Fayers P M, Curran D, Machin D
Unit for Epidemiology and Clinical Research, Faculty of Medicine, Norwegian University of Science and Technology, Cambridge, U.K.
Stat Med. 1998;17(5-7):679-96. doi: 10.1002/(sici)1097-0258(19980315/15)17:5/7<679::aid-sim814>3.0.co;2-x.

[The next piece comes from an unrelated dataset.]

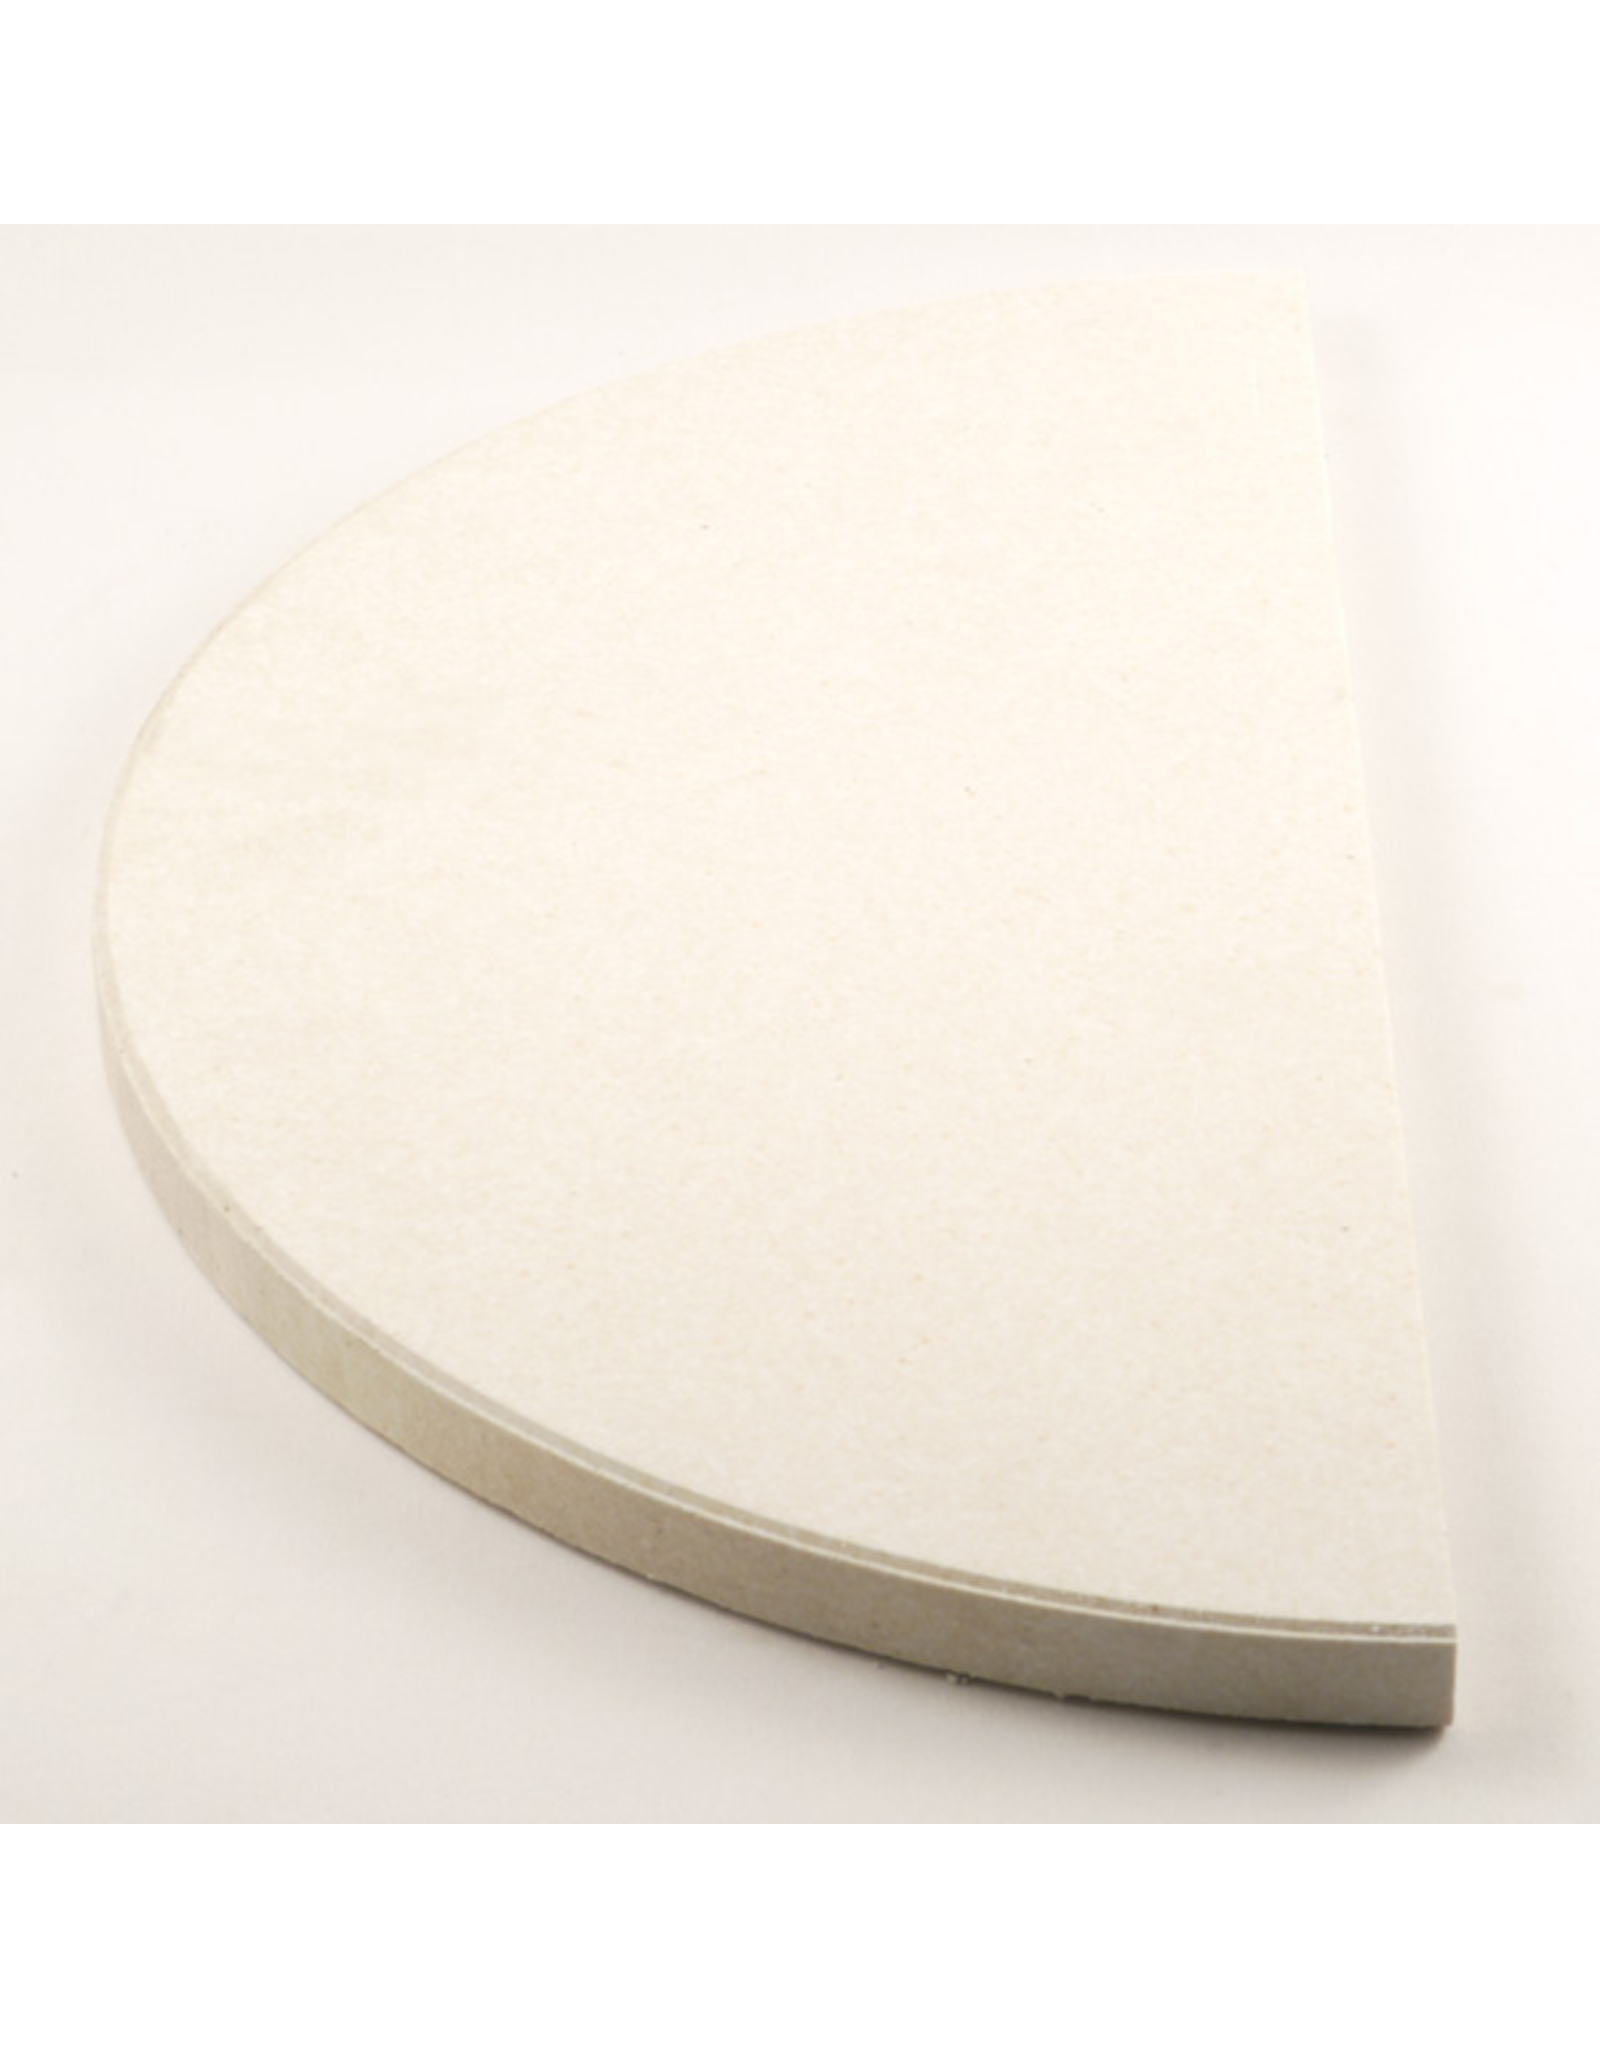 Semi Circle 39.4 x 1.6 cm Kiln Shelf

Missing data has been a problem in many quality of life studies. This paper focuses upon the issues involved in handling forms which contain one or more missing items, and reviews the alternative procedures. One of the most widely practised approaches is imputation using the mean of all observed items in the same subscale. This, together with the related estimation of the subscale score, is based upon traditional psychometric approaches to scale design and analysis. We show that it may be an inappropriate method for many of the items in quality of life questionnaires, and would result in biased or misleading estimates. We provide examples of items and subscales which violate the psychometric foundations that underpin simple mean imputation. A checklist is proposed for examining the adequacy of simple imputation, and some alternative procedures are indicated.
数据缺失一直是许多生活质量研究中的一个问题。本文重点关注处理包含一个或多个缺失项的表格所涉及的问题,并回顾了可供选择的程序。最广泛使用的方法之一是使用同一子量表中所有观察项的均值进行插补。这与子量表得分的相关估计一起,是基于量表设计和分析的传统心理测量方法。我们表明,对于生活质量问卷中的许多项目来说,这可能是一种不合适的方法,并且会导致有偏差或误导性的估计。我们提供了一些违反支持简单均值插补的心理测量基础的项目和子量表的示例。提出了一个检查表,用于检查简单插补的充分性,并指出了一些替代程序。